DCEASED VOLUME 1 / AUTHOR: TOM TAYLOR / PUBLISHER: DC / RELEASE DATE: OUT NOW
More than a few years late to the party, DC finally unleash their own take on Marvel Zombies. Infected after being kidnapped by Darkseid and experimented upon in Apokolips, Cyborg finds himself Patient Zero in an epidemic which threatens to destroy the world. This technologically-spread virus (think Stephen King’s Cell meets 28 Days Later) turns anyone who comes into contact with it into a bloodthirsty, malevolent rage-zombie. And it’s spreading fast.
Tom Taylor merges bloody zombie horror with the superhero genre masterfully, ending the first of his six issues on a shocking twist that promises readers nobody is safe from his zombies.

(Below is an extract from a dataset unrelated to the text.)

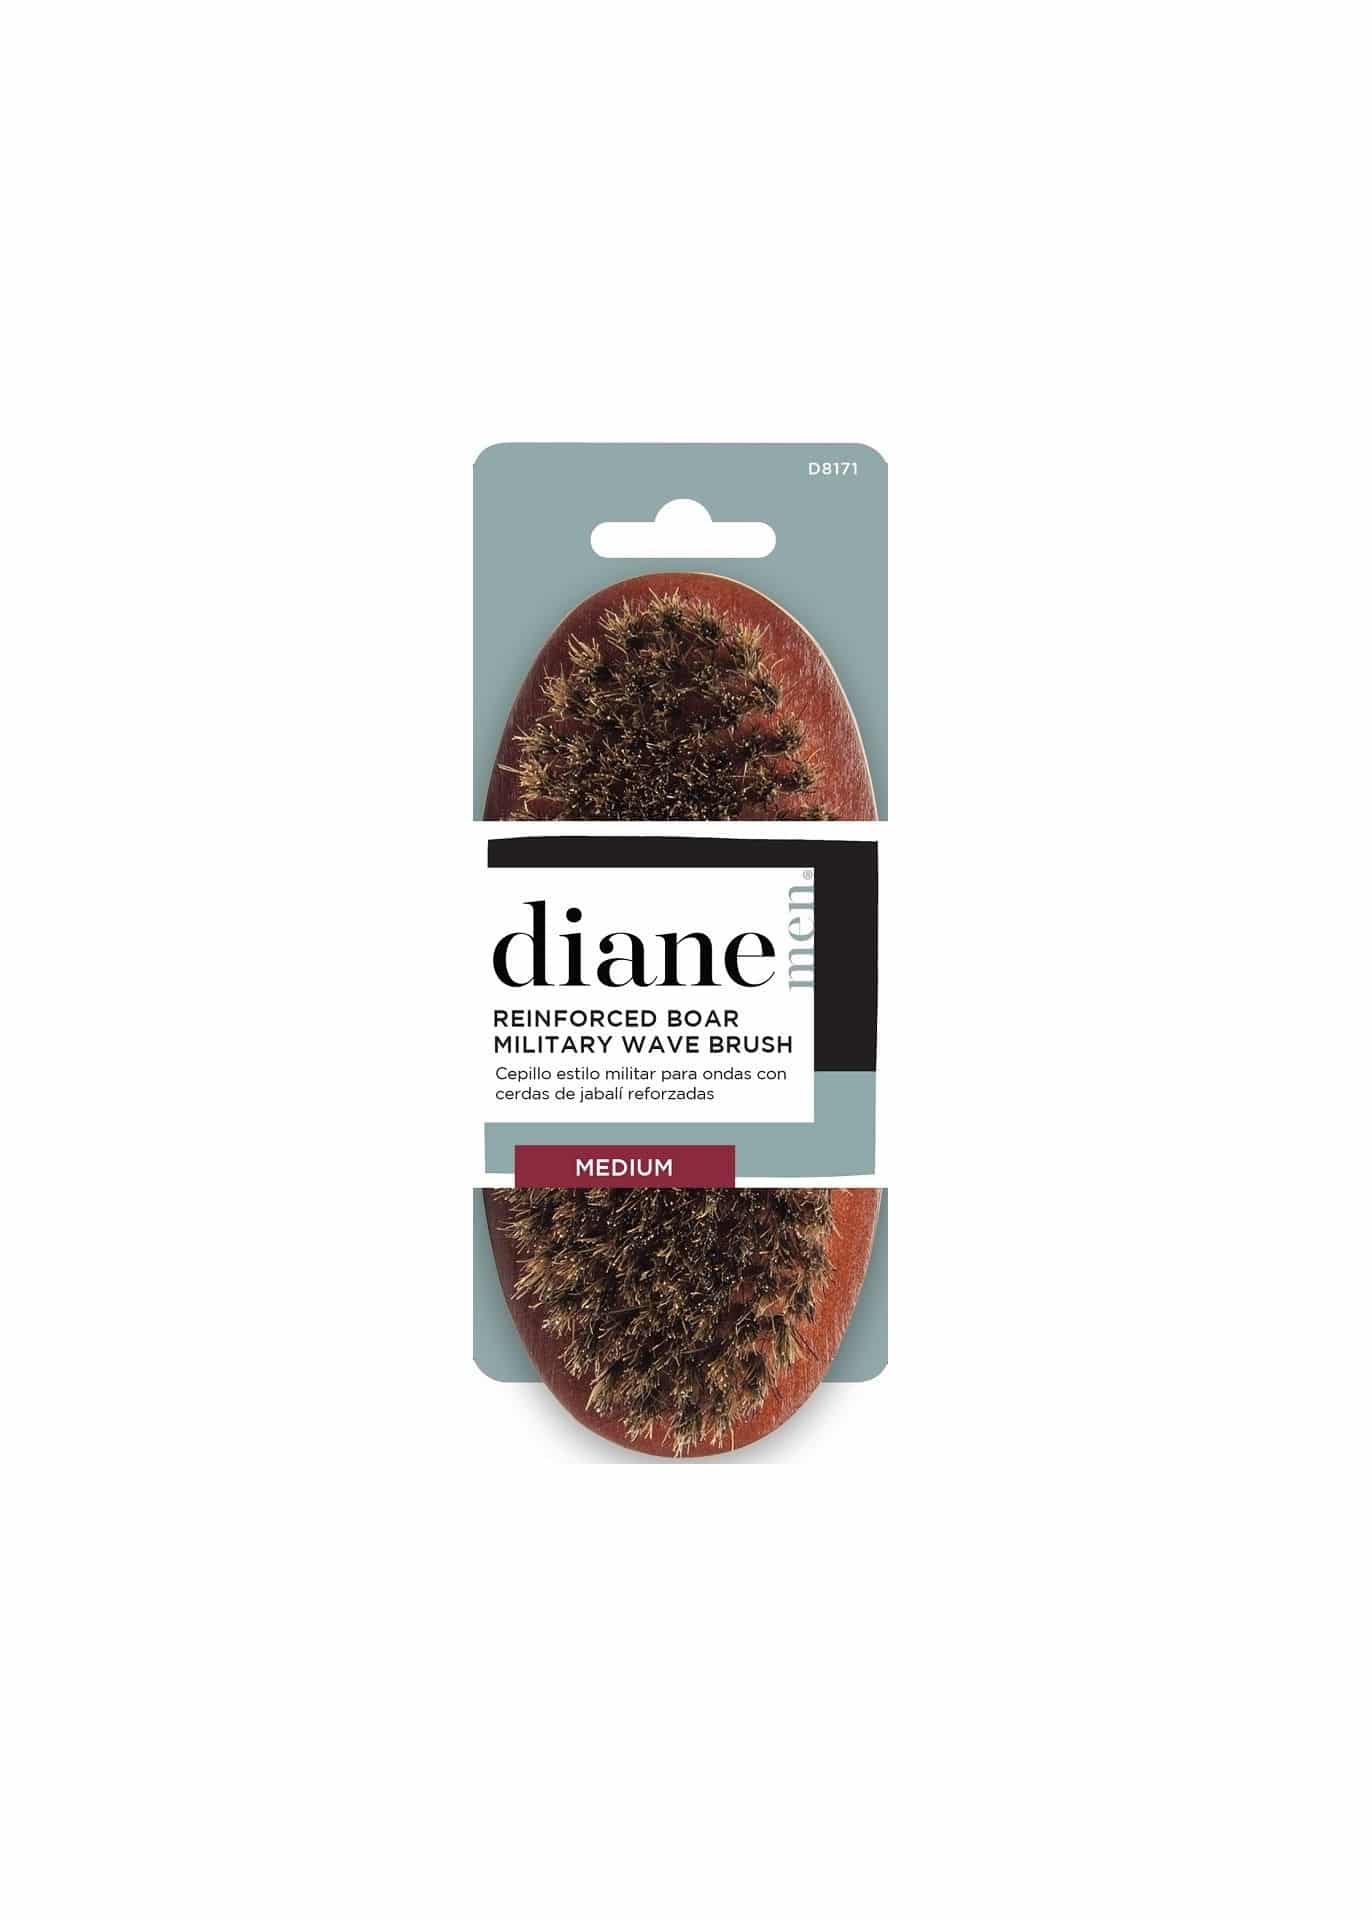 Diane Reinforced Boar Military Wave Brush – Medium #D8171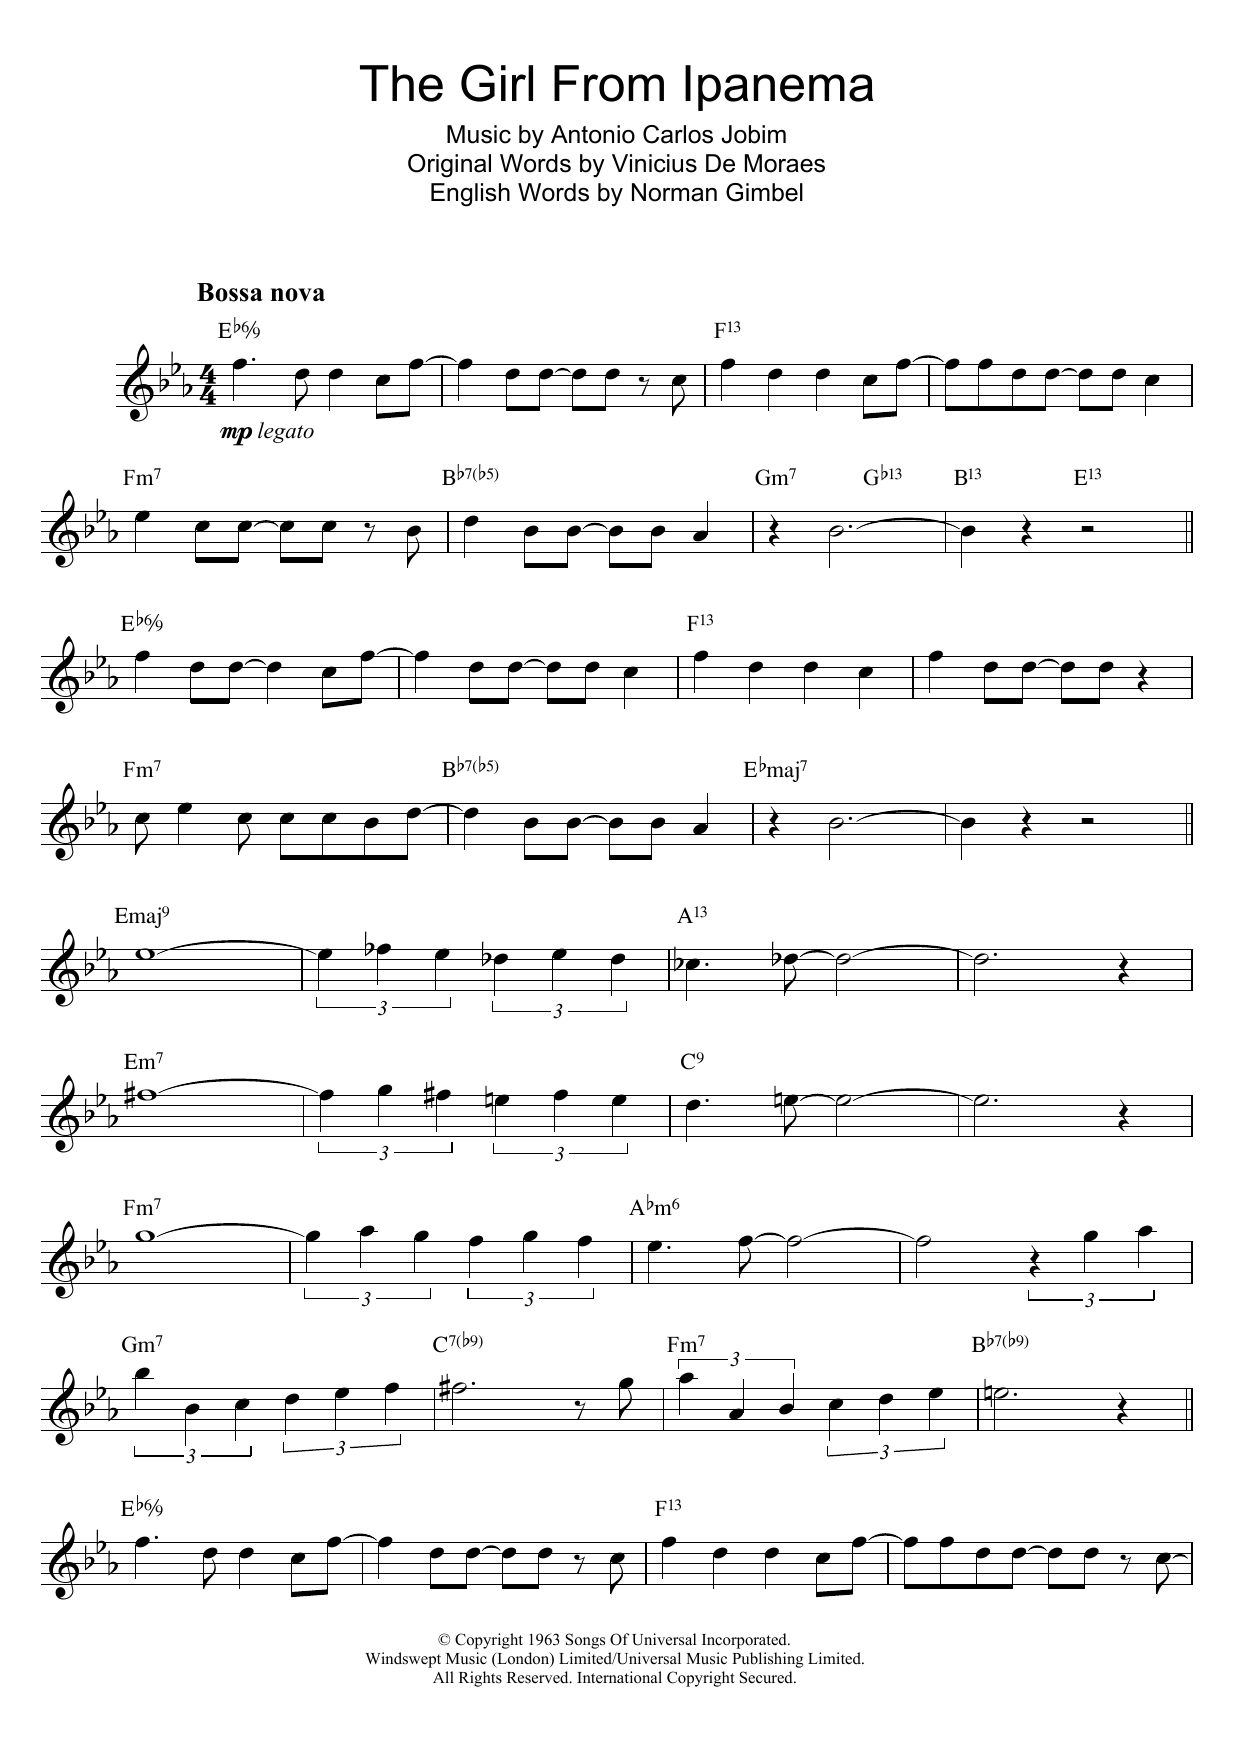 Antonio Carlos Jobim The Girl From Ipanema (Garota De Ipanema) Sheet Music Notes & Chords for Flute - Download or Print PDF

And the rest of the book more than delivers on that promise, with the fight for survival quickly turning into a desperate battle from which few are likely to escape. Only Superman and Wonder Woman seem immune, but even they are outnumbered by a rapidly growing horde which takes in members of their friends and family at an alarming rate. DC’s heroes are often referred to in the same cadence as actual Gods; what happens when the most powerful men and women on Earth suddenly turn against us? The results aren’t pretty.
The art by Trevor Hairsine, Neil Edwards, Stefano Gaudiano, Rain Beredo and Ben Abernathy is equally unsympathetic of its heroes. The book is shockingly gory in places, rarely flinching from the bone-crunching, flesh-chewing action; a mainstream superhero story hasn’t been this nasty since the original Marvel Zombies.
Still, there’s an inevitability to this kind of Elseworlds story that even DCeased can’t evade. As iconic and beloved as its heroes are, their deaths count for naught because, well, this isn’t the main continuity, so what does it really matter? All shock tactics ultimately wear off, and so do Taylor’s, leaving audiences numbed to the book’s nihilism and nastiness. With a sequel (or spin-off) already in the works, there’s a sense that DCeased is just another cog in the machine, ready to spin itself to breaking point until no-one cares any more (see also: The Batman Who Laughs).
But this first book is a beauty, and a work of jarring superhero horror that succeeds in spite of its predictability and lack of originality. It may have arrived late to the party – wearing someone else’s costume, no less – but it’s such a well done and morbidly good time that we can’t help but love it.